**Your task**
The whole listing that follows is to be restated word for word, images excluded.

**Dataset content**
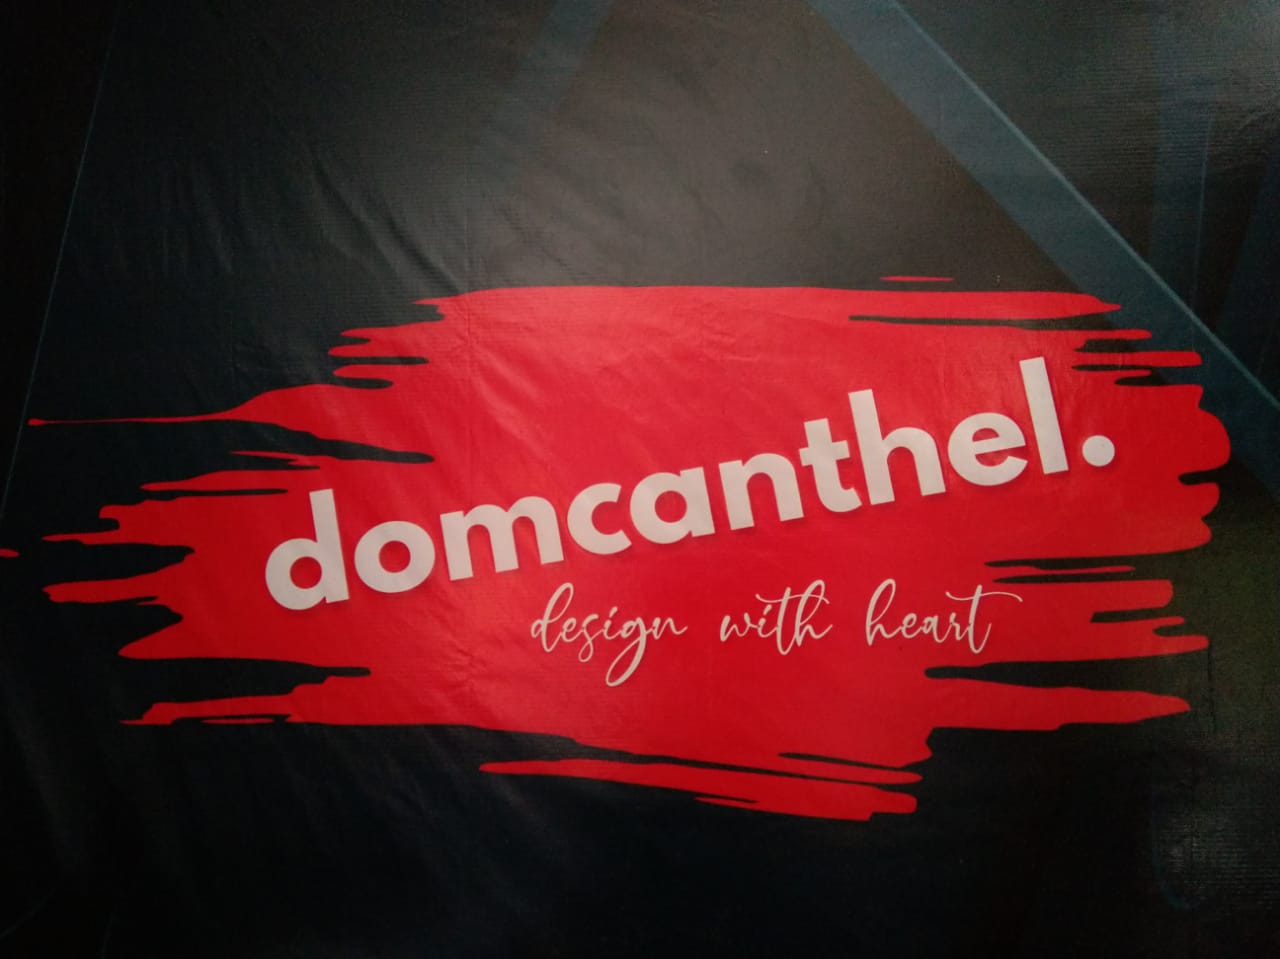 Domcanthel
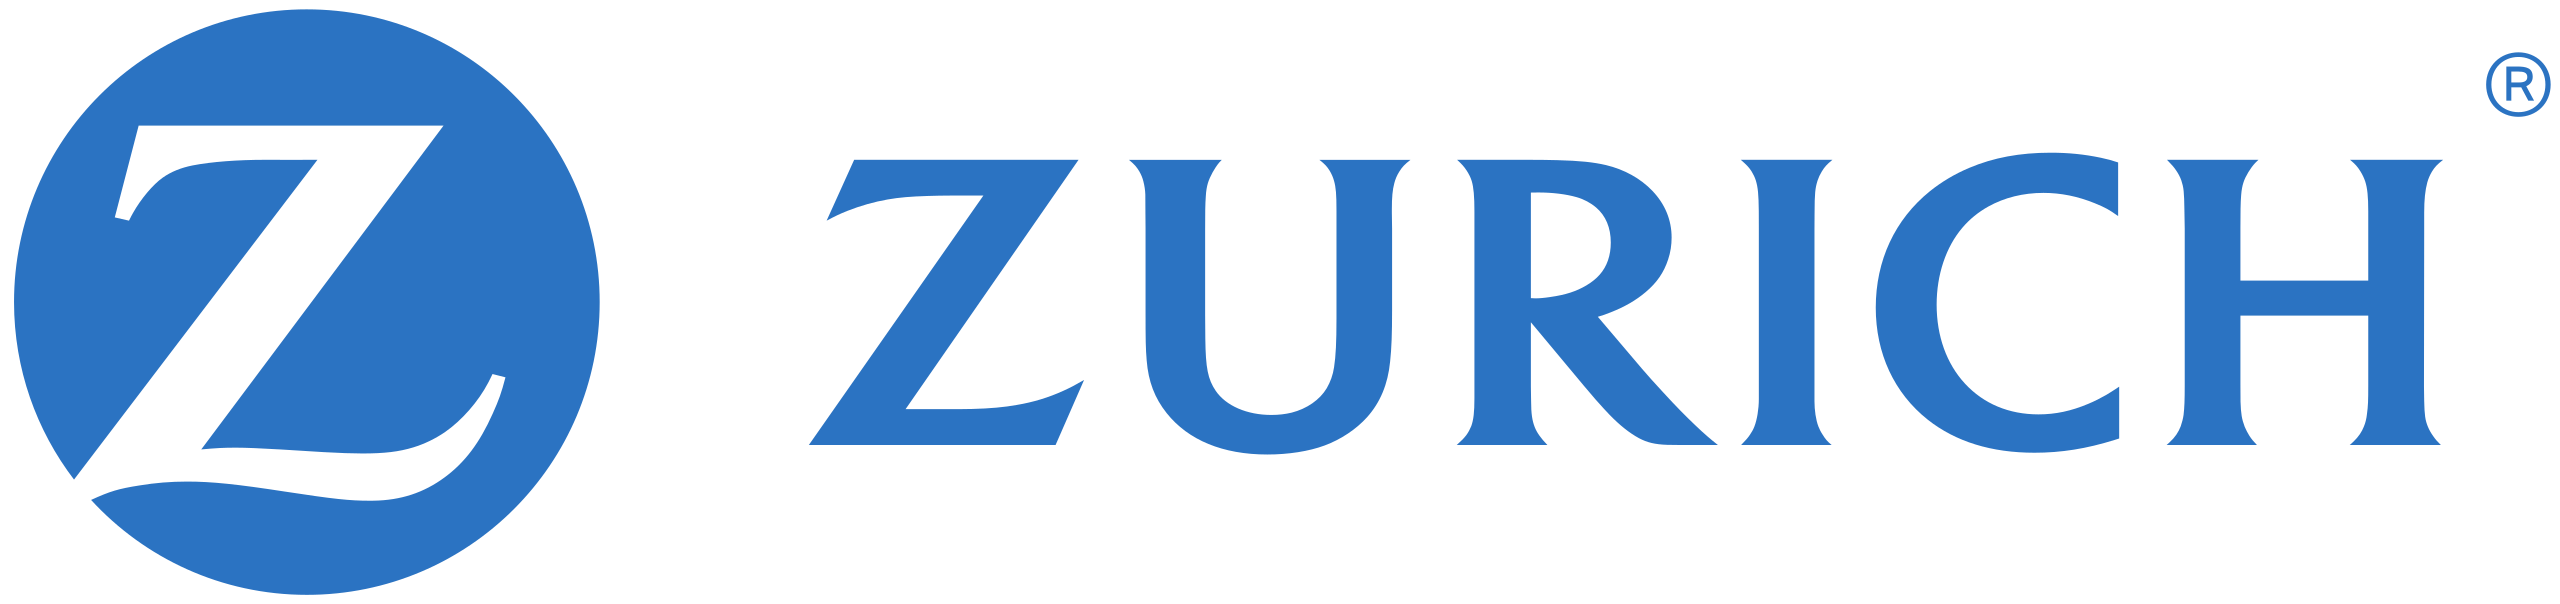 Zurich のロゴ
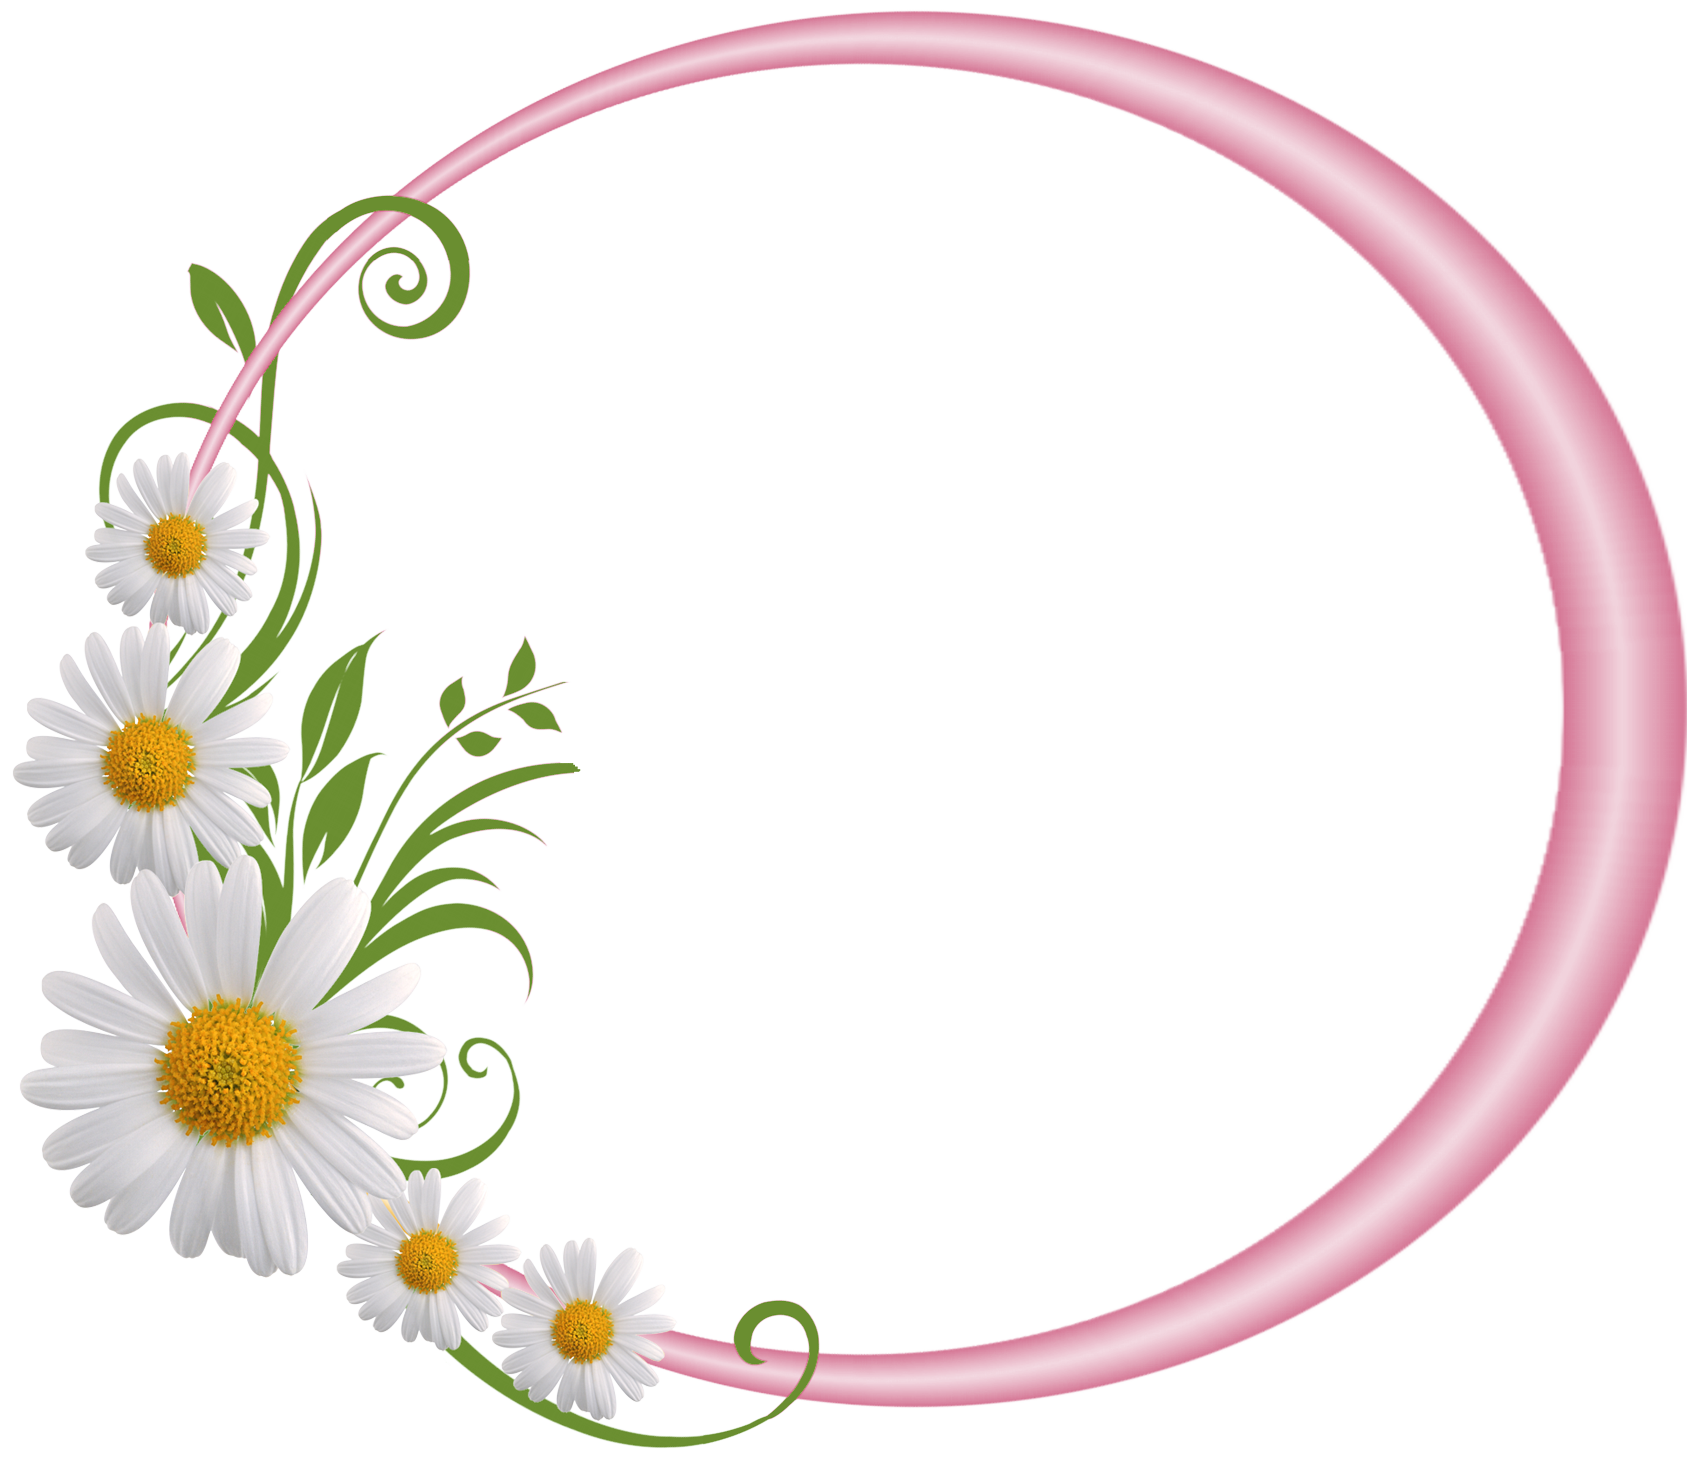 กรอบรูปวงกลมลายดอกไม้สีชมพูภาพถ่าย PNG

**Reply**
 Domcanthel
 Zurich のロゴ
 กรอบรูปวงกลมลายดอกไม้สีชมพูภาพถ่าย PNG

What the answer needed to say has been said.